Frequently Asked Questions
Is DEA-C01 harder than SAA-C03?
They're different types of difficulty. DEA-C01 requires deeper knowledge of specific data services (Glue, Kinesis, Redshift, Lake Formation) and data engineering concepts. SAA-C03 covers broader architectural patterns. If you have data engineering experience, DEA-C01 may feel more natural. If you're a generalist, SAA-C03 might be more accessible.
What prerequisites are recommended?
AWS recommends 2-3 years of experience with data engineering concepts and 1-2 years working with AWS data services. Strong knowledge of SQL is essential. Familiarity with Python or Spark is beneficial for Glue ETL development.
Should I get CLF-C02 or SAA-C03 first?
It's not required, but having SAA-C03 first provides a solid foundation of AWS services and architectural patterns. If you're already an experienced data engineer, you can go directly to DEA-C01. Cloud Practitioner (CLF-C02) is helpful if you're completely new to AWS.

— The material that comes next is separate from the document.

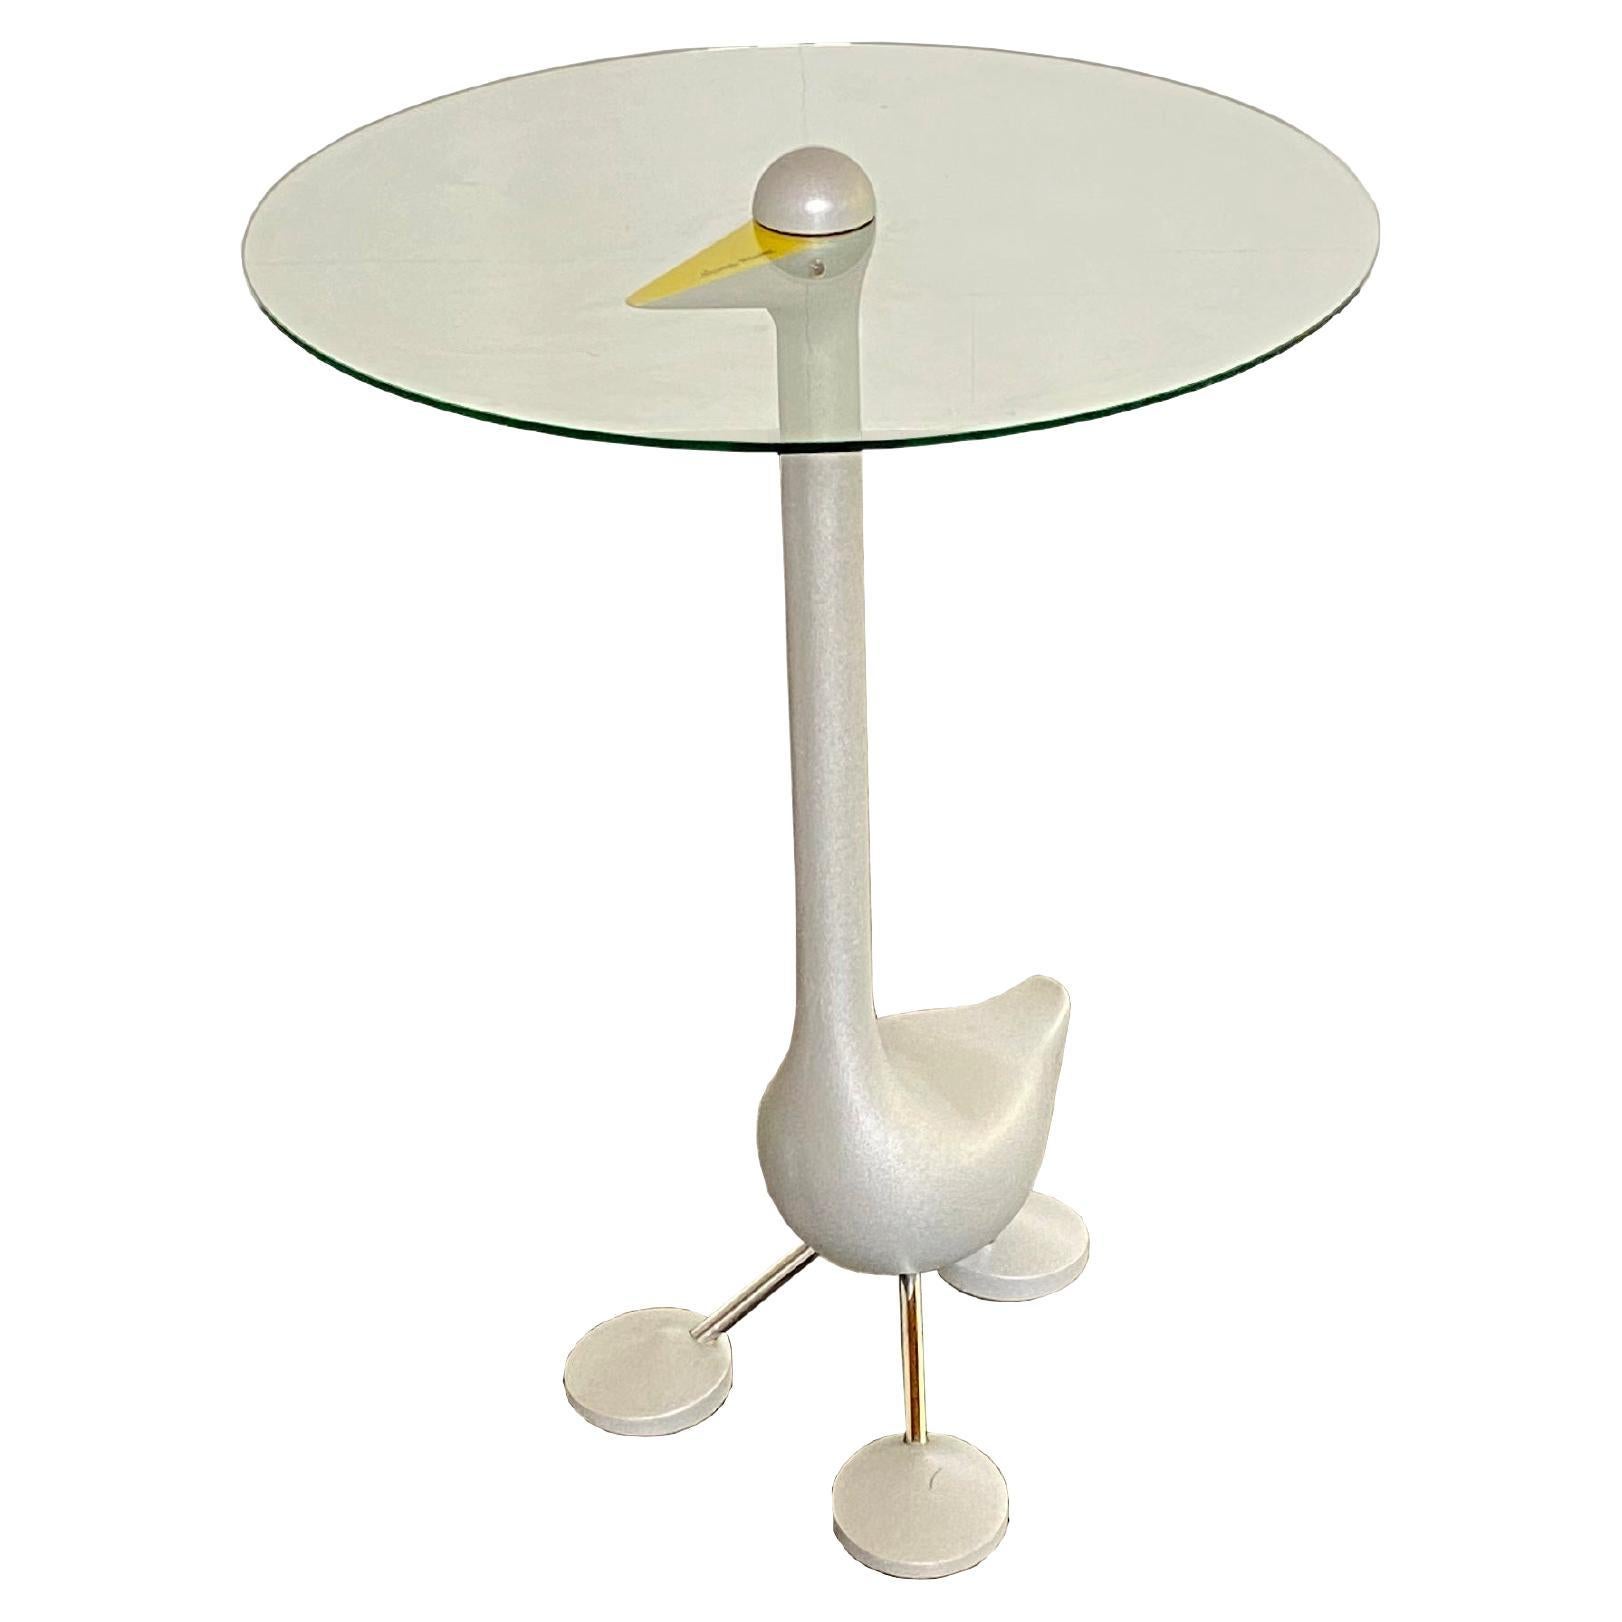 Zanotta Editioni Collection Sirfo Table designed by Alessandro Mendini 1986

How much hands-on experience do I need?
Significant hands-on experience is crucial. You should have built at least a few data pipelines using Glue, worked with S3 data lakes, loaded data into Redshift, and ideally worked with streaming data using Kinesis. The exam tests practical knowledge, not just theory.
What's the difference between DEA-C01 and the Data Analytics Specialty?
DEA-C01 (Associate level) focuses on building and maintaining data pipelines. The Data Analytics Specialty (DAS-C01) is a deeper, more specialized exam covering advanced analytics, visualization, and complex data solutions. Most candidates take DEA-C01 first before attempting the specialty.